Dice frequency
By Michael Doornbos
- 3 minutes read - 523 wordsI’ve been obsessed with the Random number generator on the Commodore computers for a LONG time, and I’m not the only one who is, to be sure.
We’ve used this random function in many of the Cipher series articles before, both via BASIC and directly getting randomness from the SID oscillator 3.
Let’s try a “practical” example we might code into a game that throws dice and tests the frequency distribution. For one or two dice, we can easily calculate what a “perfect” distribution should be, so this should be a good test to see if the random number generator is sufficient to make a fair game.
Single
A single six-sided is pretty easy to understand, and there’s a 1 in 6 chance of rolling any of the sides. So a proper frequency distribution should come in at 16.67%.
Let’s try it 1000 and then 10000 times on a Commodore 64 to see how random the random number generation is in a “practical example.”
5 PRINTCHR$(147):PRINT"ROLLING DICE..."
10 TI$="000000"
20 DIMT(6):N=1000
100 FORI=0TON
110 S=INT(RND(.)*6)+1
120 T(S)=T(S)+1
130 NEXT
200 PRINTCHR$(147)
210 PRINT"DICE FREQUENCY PERCENTAGE"
220 PRINT"-------------------------------"
230 PRINT:FORJ=1TO6:PRINTJ;TAB(9);T(J);TAB(21);T(J)/N*100;"%":NEXT
1100 PRINT:PRINT"PROCESS TIME:"TI/60
When run 1000 times:
N=1000
And it gets slightly better at 10000 iterations:
N=10000
Two dice
Two dice are also pretty easy to calculate. There’s a 1/36 chance of any of the possible combinations.

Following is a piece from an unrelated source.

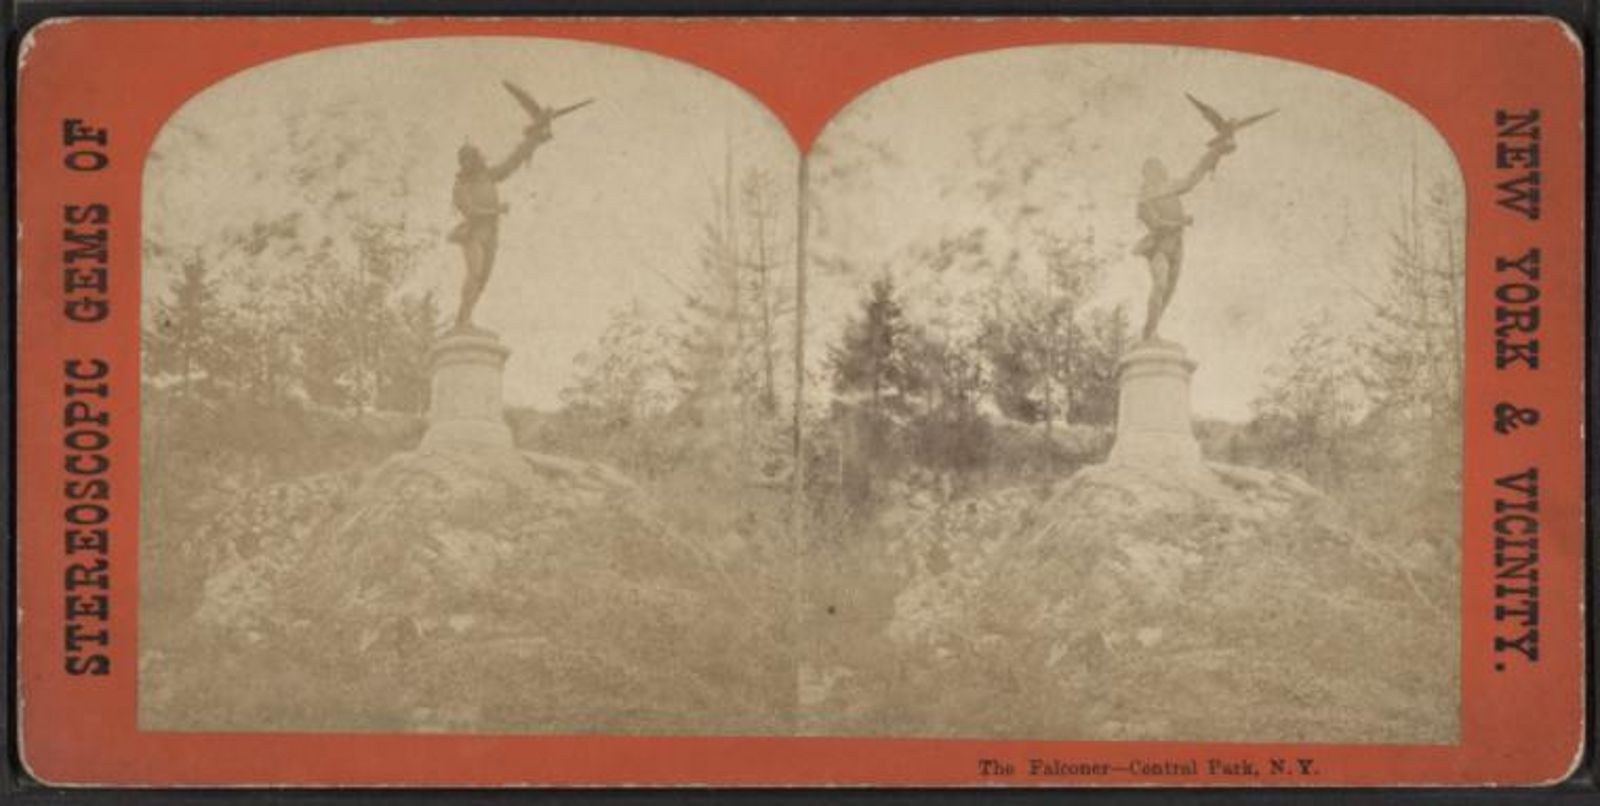 An archival stereoscopic card—two identical images of a statue of a man with outstretched arm on which a falcon is landing.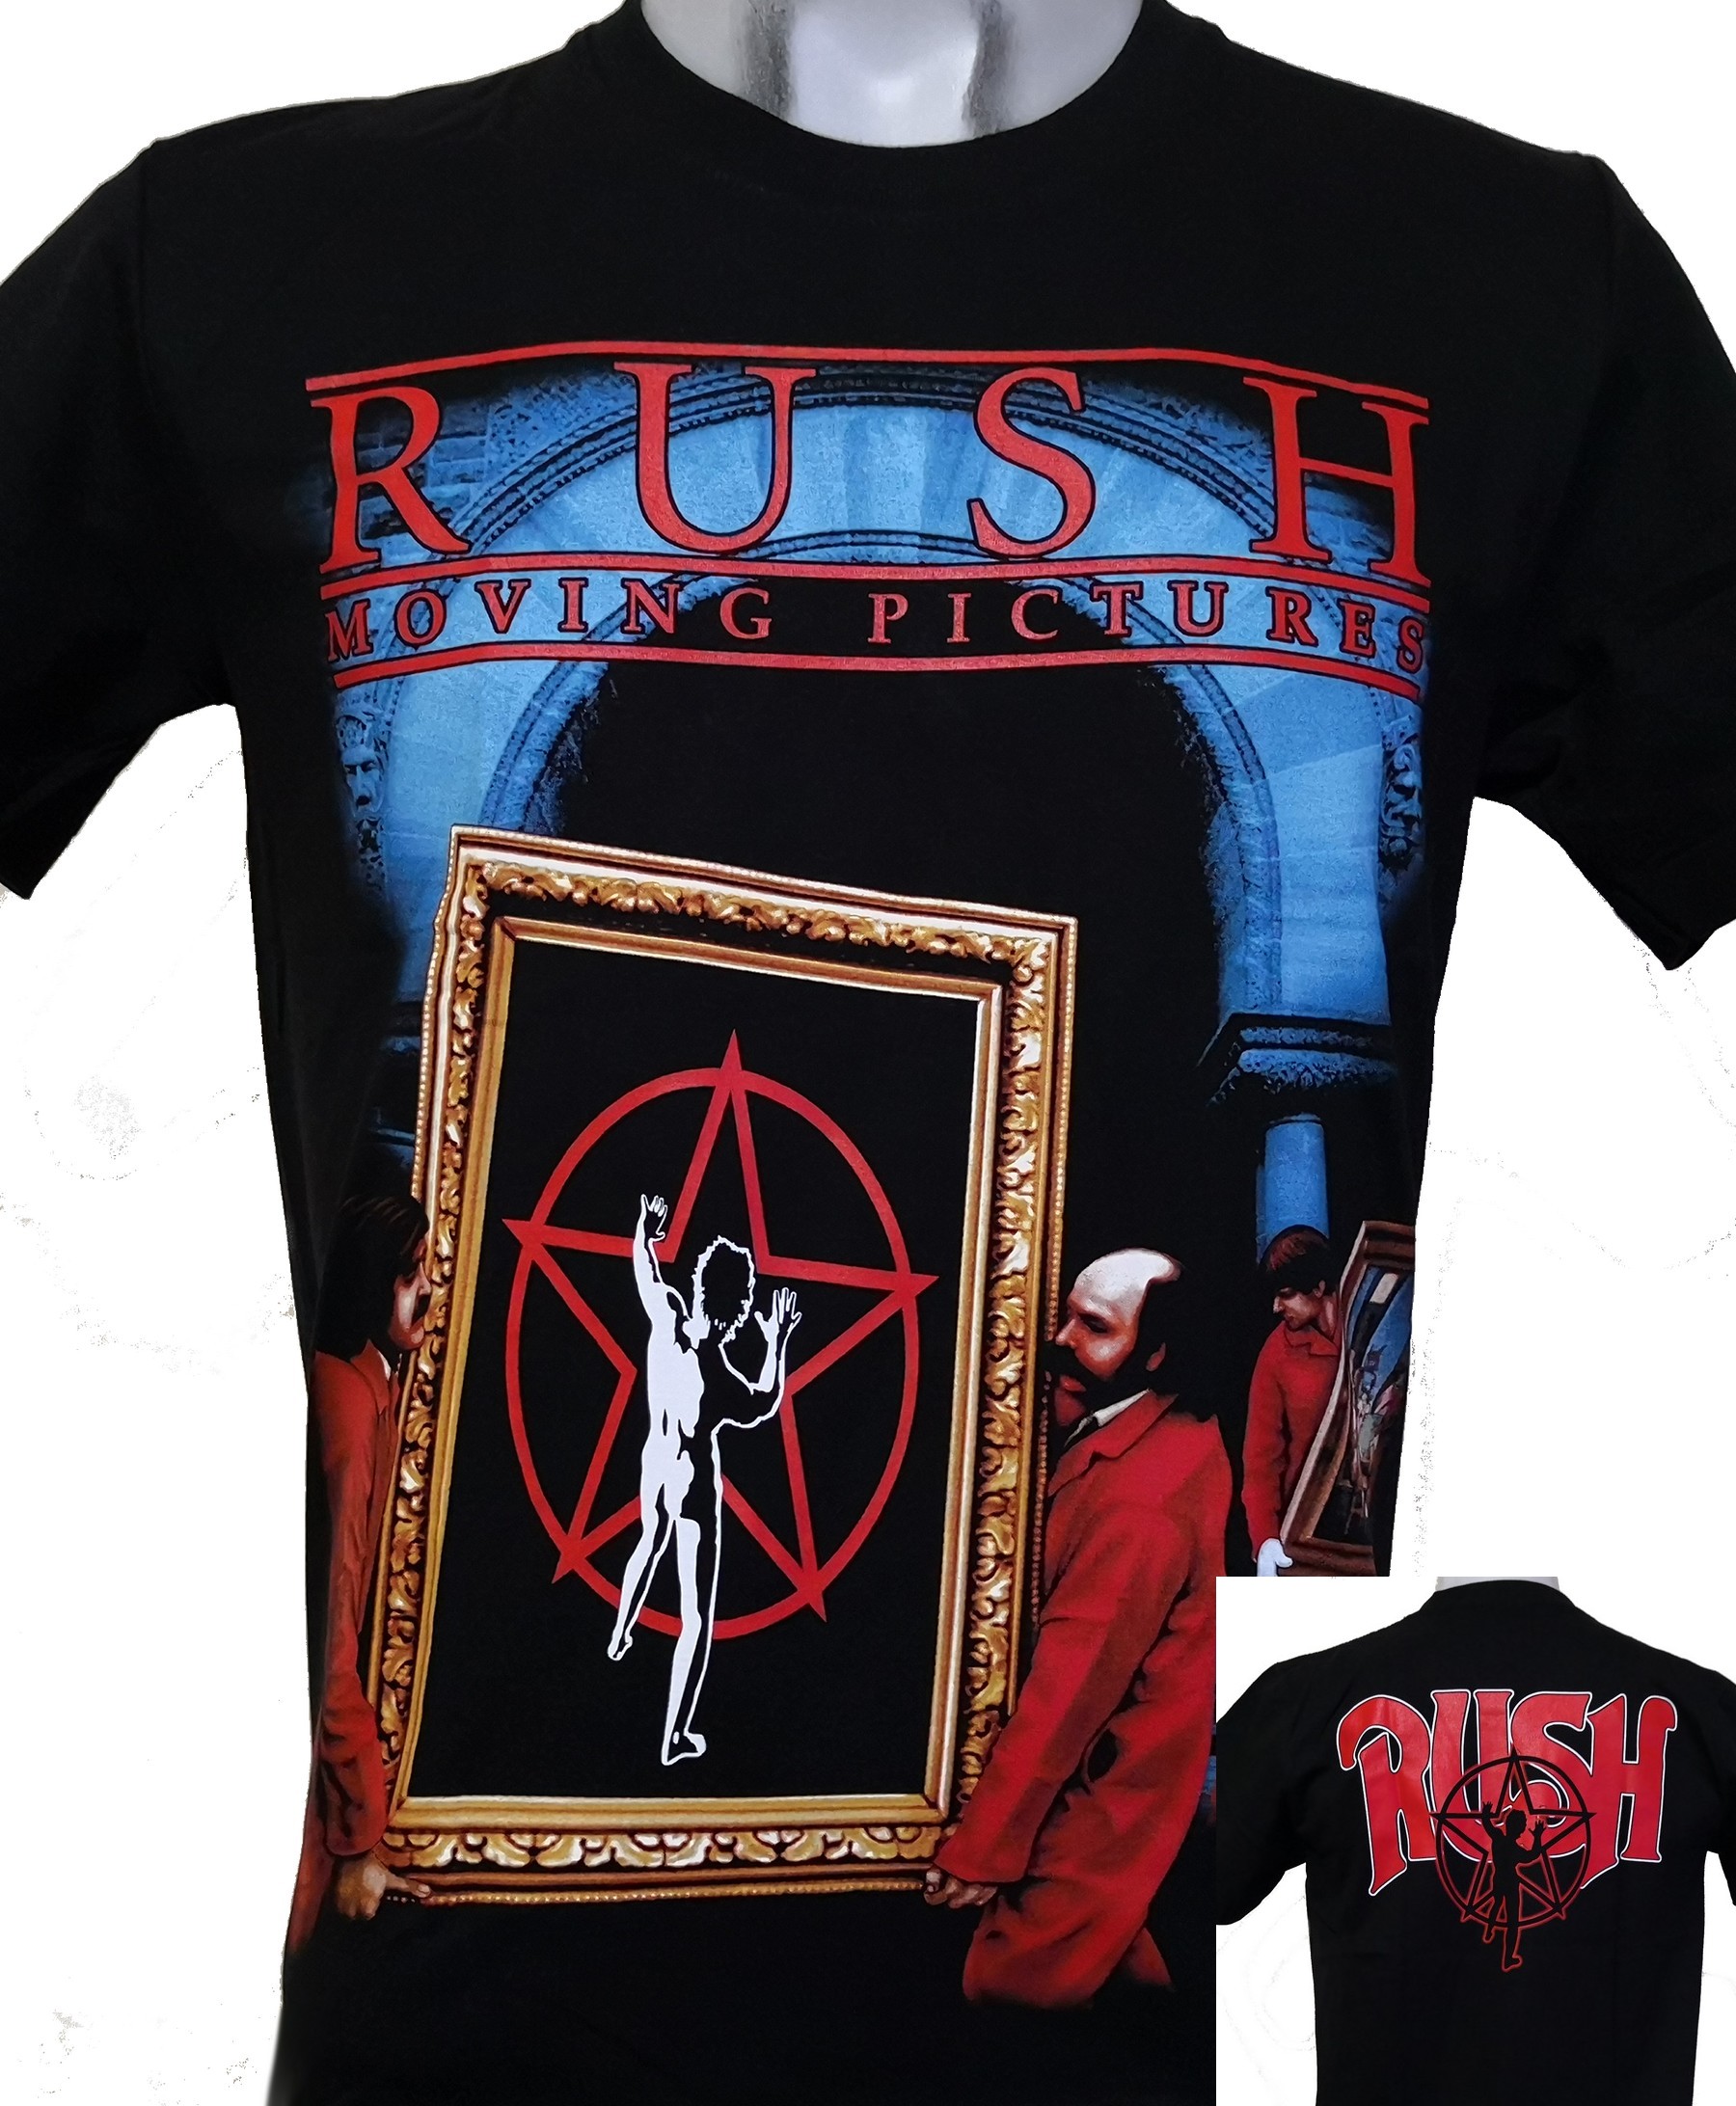 Gedrag Melodieus groef Rush t-shirt Moving Pictures size L – RoxxBKK

| DICE | COMBINED | COMBINATIONS | PROBAILITY | % | |
|---|---|---|---|---|---|
| 2 | 1+1 | 1/36 | 2.78% | ||
| 3 | 1+2 or 2+1 2/36 | 5.56% | |||
| 4 | 1+3 or 2+2 or 3+1 | 3/36 | 8.33% | ||
| 5 | 1+4 or 2+3 or 3+2 or 4+1 | 4/36 | 11.11% | ||
| 6 | 1+5 or 2+4 or 3+3 or 4+2 or 5+1 | 5/36 | 13.89% | ||
| 7 | 1+6 or 2+5 or 3+4 or 4+3 or 5+2 or 6+1 | 6/36 | 16.67% | ||
| 8 | 2+6 or 3+5 or 4+4 or 5+3 or 6+2 | 5/36 | 13.89% | ||
| 9 | 3+6 or 4+5 or 5+4 or 6+3 | 4/36 | 11.11% | ||
| 10 | 4+6 or 5+5 or 6+4 | 3/36 | 8.33% | ||
| 11 | 5+6 or 6+5 | 2/36 | 5.56% | ||
| 12 | 6+6 | 1/36 | 2.78% |
The modifications are simple. Slight change to lines 20 and 230, and we can get the output we’re looking for.
5 PRINTCHR$(147):PRINT"ROLLING DICE..."
10 TI$="000000"
20 DIMT(12):N=1000
100 FORI=0TON
110 S=INT(RND(.)*6)+1+INT(RND(.)*6)+1
120 T(S)=T(S)+1
130 NEXT
200 PRINTCHR$(147)
210 PRINT"DICE FREQUENCY PERCENTAGE"
220 PRINT"-------------------------------"
230 PRINT:FORJ=2TO12:PRINTJ;TAB(9);T(J);TAB(21);T(J)/N*100;"%":NEXT
1100 PRINT:PRINT"PROCESS TIME:"TI/60
1000 times:
N=1000
and now 10000 times:
N=10000
How does this compare?
For gaming and the kinds of things you’d probably use your Commodore, these results are probably perfectly fine. Is it really random? It’s good enough random.
Let’s try this on a modern computer with Python, which is widely used in 2021 in scientific and data analysis.
1000 times single dice:
N=1000
and now 10000 single dice:
N=10000
1000 times two dice:
10000 times two dice:
It turns out that the Commodore seems to have fared pretty well. These are simple calculations for both systems. Even if the 2021 Macbook completed all of the tests in under 1 second, the results aren’t that different.
Well done, Commodore.
And before you get all twisted up about this, it’s just for fun. Nothing serious is implied here. We are just trying some practical uses of randomness in simple dice game applications.